Enorme Auswirkungen auf die Wirtschaftlichkeit des Anstellungsverhältnisses für den Praxisinhaber kann auch die Budgetsituation haben. So gibt es beispielsweise in Niedersachsen für einen angestellten Vollzeit-Zahnarzt (= mehr als 30 Wochenstunden) kein volles Budget, sondern 70 Prozent. Je nach Konzept und Patientenstruktur der Praxis ist man mehr oder weniger schnell im Abzugsbereich. Die Umsatzbeteiligung kann sich natürlich immer nur auf die tatsächlich ausgezahlten Honorare (= HVM-Kürzung bzw. sonstige Honorarverluste berücksichtigen) beziehen. Dies sollte vorausschauend besprochen, zweifelsfrei vereinbart und in der Honorarstatistik, die der Gehaltsberechnung zugrunde liegt, abgebildet werden. Die Tabelle 1 zeigt die konkreten Euro-Beträge bei einem Fixum von 30.000 Euro pro Jahr (2.500 Euro pro Monat) und einer Honorarbeteiligung von 25 Prozent. Die entsprechend ab 120.000 Euro Jahresumsatz zu Gehaltssteigerung führt.

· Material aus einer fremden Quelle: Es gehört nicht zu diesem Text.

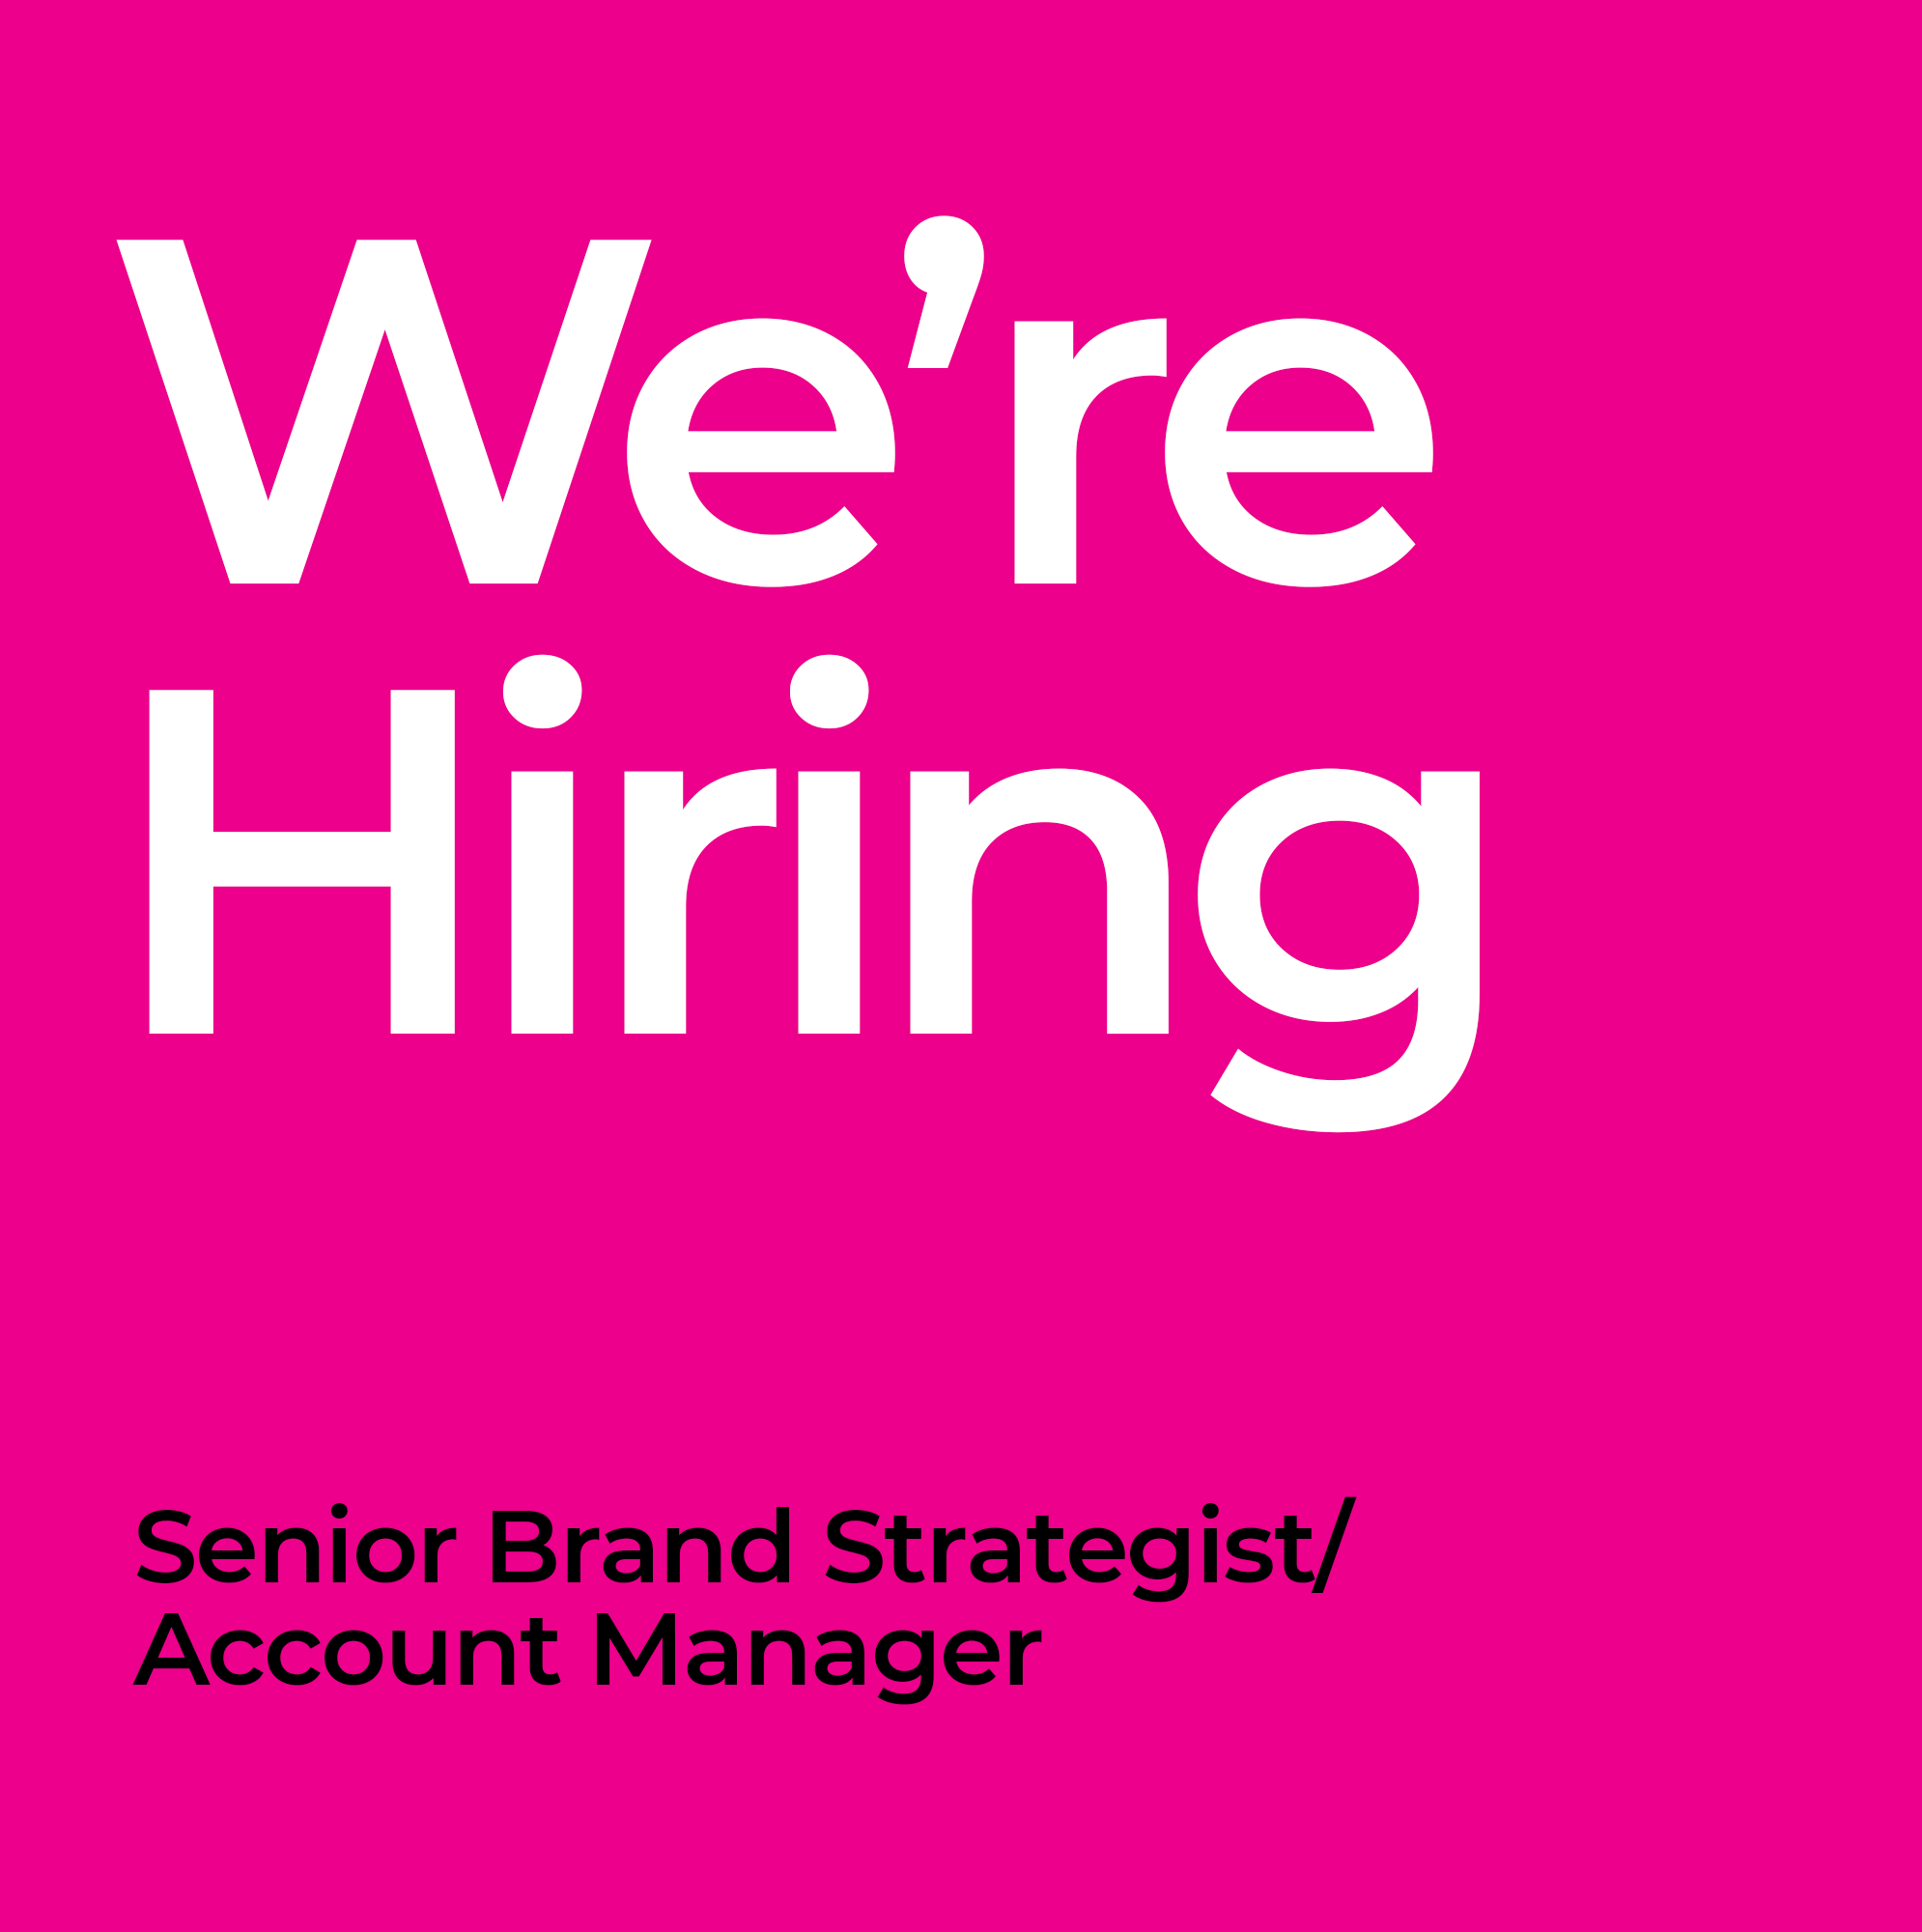 Rebrand is hiring a Brand Strategist for Auckland

Vollauslastung des Angestellten ist entscheidend

Grundsätzlich sollte die Einstellung eines Zahnarztes begleitet sein von einem Maßnahmenpaket, das der schlichten Frage folgt: Wie erreichen wir möglichst schnell die Vollauslastung des neuen Kollegen? Denn: je höher die Umsätze sind, desto mehr gibt es im Interesse aller zu verteilen. Die umsichtige Fortentwicklung der Praxisstrukturen (z.B. Aufbau fachlicher Spezialisierungen, durchdachtes Terminmanagement, langfristige Behandlungsplanung, Marketingkonzept zur Steigerung des Patientenvolumens etc.) gibt dieser Zielformulierung ein wirksames Korsett. So kann es dem Angestellten auf Dauer gelingen, einen Honorarumsatz von zum Beispiel 250.000 Euro und mehr pro Jahr zu erreichen. Weil die Praxiskosten glücklicherweise nicht linear steigen und bei höheren Gehältern zusätzlich die Beitragsbemessungsgrenzen positiv greifen, bieten diese Umsatzregionen attraktive Gestaltungsspielräume. An denen der umsatzstarke Angestellte beteiligt werden kann. Beispielsweise nach folgendem Prinzip: Bis 216.000 Euro 25 Prozent. Für alles darüber: Zusätzliche zehn Prozent. Die dann entstehende Situation ist in Tabelle 2 dargestellt.

Um den breiten Blick des Angestellten für die Entwicklung der Gesamtpraxis zu stärken oder spezielle Zukunftsziele der Praxis zu befördern, sind natürlich auch andere, individuell ausgearbeitete Gehaltskomponenten denkbar. In dieser Liga ergeben sich für den engagierten Angestellten im Vergleich zum Durchschnittseinkommen selbstständiger Praxisinhaber (laut aktuellem KZBV-Jahrbuch liegt der Median bei 108.620 Euro hochinteressante Verdienstmöglichkeiten. Gleichzeitig verbleibt eine angemessene Gewinnsteigerung in der Praxis. Die genannten Prozent-Staffelungen dienen als Anhaltspunkte. Um Gehaltsverhandlungen auf ein solides Fundament zu stellen, empfiehlt sich in jedem Fall eine präzise Kalkulation mit den konkreten betriebswirtschaftlichen Rahmenbedingungen und Zielformulierungen der Arbeitgeberpraxis.